Now before you start thinking it’s all been happy families, it hasn’t! At times it has been downright hard work, mostly thanks to a narcissistic ex-wife, who has tried her best to, and succeeded in alienating one child from their father and has used me and other family members as bait. This woman is relentless in her vengefulness.
It’s heartbreaking to say the least but, this post is reserved for; things that I have learnt whilst dating a dad.
1. Kids Will Always Come First
This is the first thing you will have to learn to accept. The kids are his flesh and blood and he will either live with them full-time or share them on some sort of custody agreement that he has with his ex. Whatever the arrangement, he needs to look after them first.
Therefore, you won’t necessarily be his first priority each and every day. So, if you are one for sharing cutesy ‘good morning’ text messages, then expect that yours may not come first thing in the morning as he will more than likely be trying to get himself ready for work, trying to find a child’s missing sock and preparing a school lunch all at the same time.
Expect to receive contact after a school drop-offs or at some other random time throughout the day, if at all.
2. They Are Sometimes Unavailable
Prior to you meeting the kids and even after, know that at times, he will simply be unavailable to ‘hang out’ with you on a weekend or weeknight.
Your schedule needs to remain somewhat flexible. Now I’m not suggesting that if you have plans with your girlfriends that you cancel them to spend time with him, I’m simply saying that if he hasn’t made plans with you for the upcoming weekend, then assume that he either needs some space or is off doing something with his kids.
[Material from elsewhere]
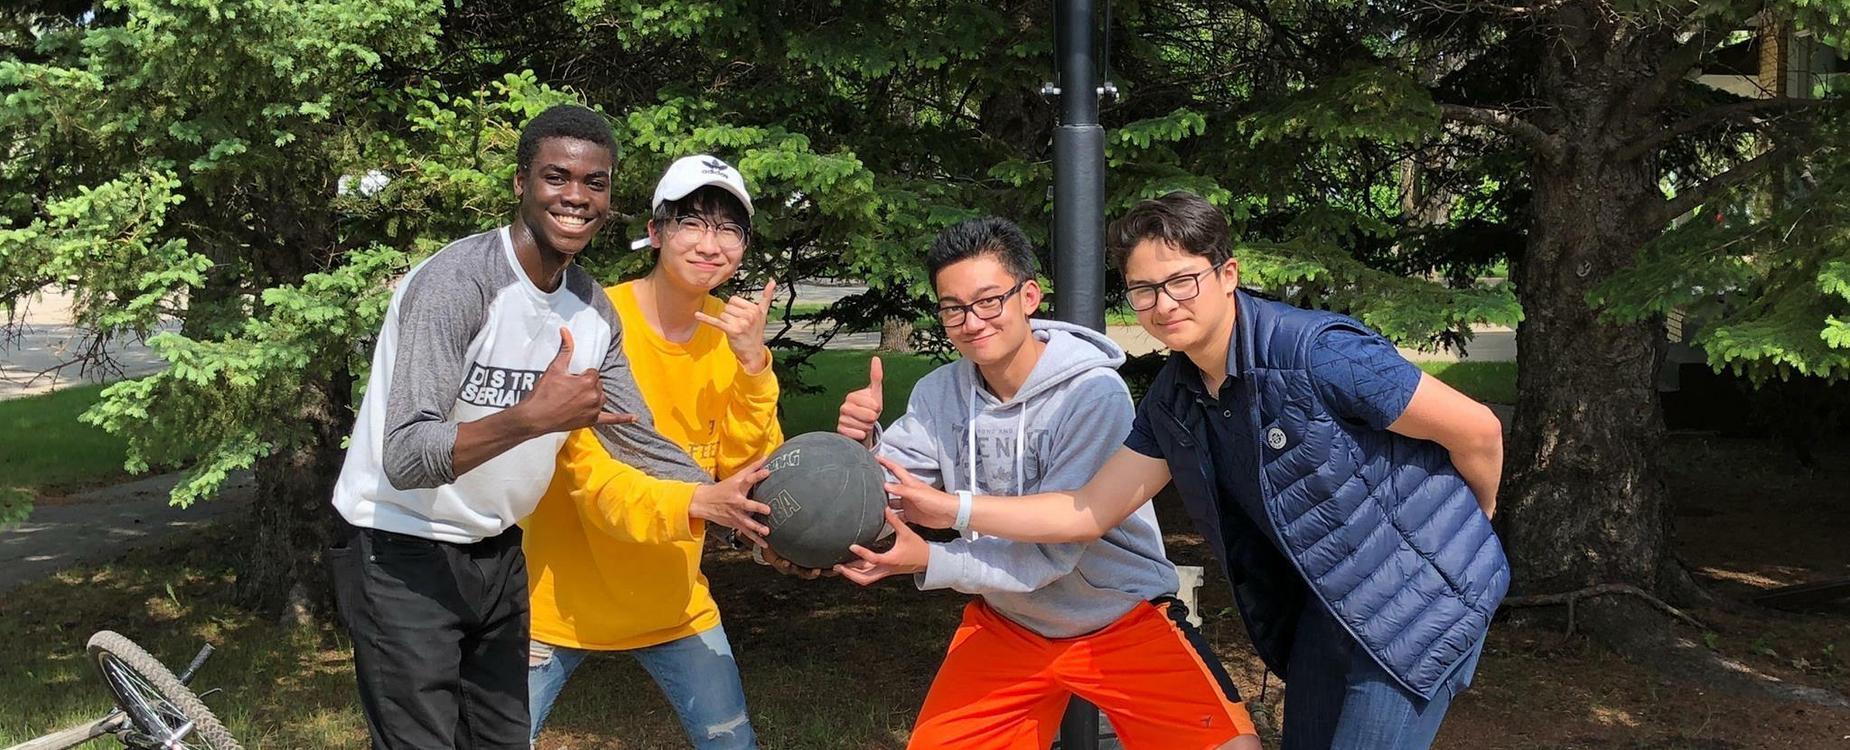 boys with basketball

This is nothing to get upset over, as everyone needs their time apart. Just ensure that you are getting out and doing the things you love and not sitting by the phone waiting.
3. They Don’t Play Games
Dads generally don’t play games. They have put themselves in the dating market to meet someone special.
They know what they are looking for and because they have kids to consider, most, good dad’s aren’t interested in bringing home a short-term fling. So be prepared that he will take his time in getting to know you, before he introduces you to his kids.
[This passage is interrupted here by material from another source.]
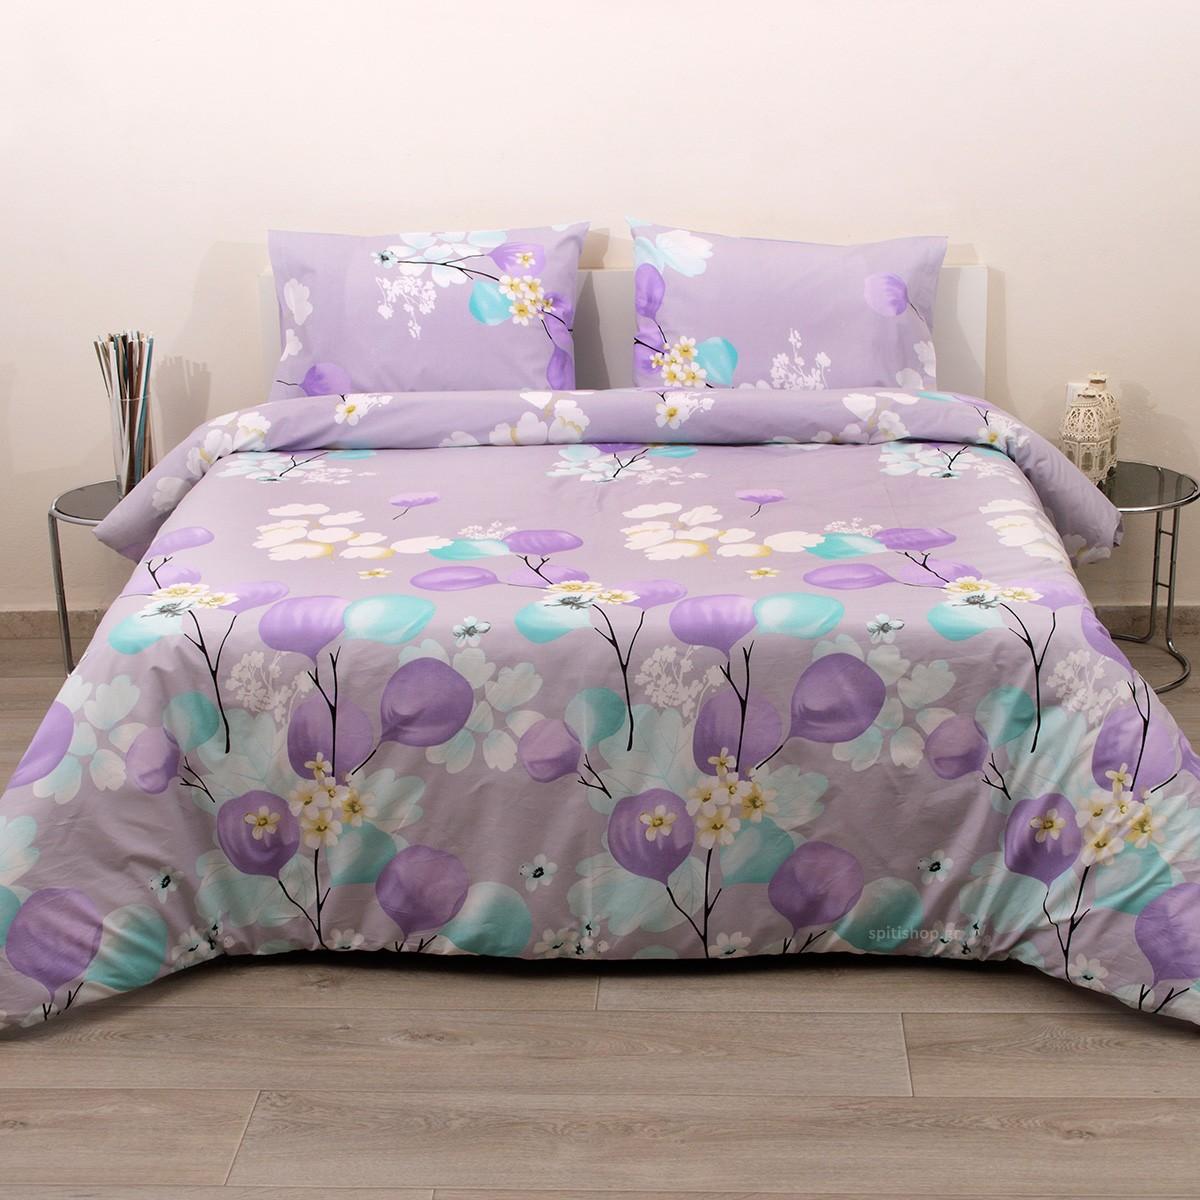 Κουβερλί Ημίδιπλο (Σετ) Viopros Fresh Νοέμι home   κρεβατοκάμαρα   κουβερλί   κουβερλί ημίδιπλα   διπλά

Just remember, if you do meet the children, that you are his girlfriend, the woman he wants to and enjoys spending time with, not his or the children’s mother, so don’t start acting like it.
4. Jealousy & Insecurity
As humans we all struggle with this one from time to time. More so, if you have had a few of your own relationships end in cheating which leaves you generally with some inherent trust issues.
But just because he has an ex-wife and they may or may not be on speaking terms, they will have contact, whether you like it or not, they have children together and things that need to be discussed.
Just remember, they separated or divorced for a reason….being their relationship wasn’t working. Hence why he is now with you.
5. They Want You To Like & Get Along With Their Kids
Rightly so. This is their flesh and blood and they love them warts and all.
Now, if you are kid averse, then depending on the age of the children and how much involvement they have with their dad, this might not be the right type of partnership for you.
Note, that I said ‘like’. No one is expecting you to jump in and fall head over heels in love with the children. Love takes time to grow, but like and respect can be more readily attained.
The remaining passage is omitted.